Data records:
━━━━━━━━

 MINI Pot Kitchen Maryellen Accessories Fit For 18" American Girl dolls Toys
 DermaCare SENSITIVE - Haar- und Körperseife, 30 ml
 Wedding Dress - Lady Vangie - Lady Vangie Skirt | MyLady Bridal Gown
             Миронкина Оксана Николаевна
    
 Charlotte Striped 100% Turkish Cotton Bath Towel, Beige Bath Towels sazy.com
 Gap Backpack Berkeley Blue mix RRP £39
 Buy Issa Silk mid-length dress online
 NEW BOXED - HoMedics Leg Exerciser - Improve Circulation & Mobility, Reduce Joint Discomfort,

━━━━━━━━

Activity: Print every line of the material above exactly.

Response area:
 MINI Pot Kitchen Maryellen Accessories Fit For 18" American Girl dolls Toys
 DermaCare SENSITIVE - Haar- und Körperseife, 30 ml
 Wedding Dress - Lady Vangie - Lady Vangie Skirt | MyLady Bridal Gown
             Миронкина Оксана Николаевна
    
 Charlotte Striped 100% Turkish Cotton Bath Towel, Beige Bath Towels sazy.com
 Gap Backpack Berkeley Blue mix RRP £39
 Buy Issa Silk mid-length dress online
 NEW BOXED - HoMedics Leg Exerciser - Improve Circulation & Mobility, Reduce Joint Discomfort,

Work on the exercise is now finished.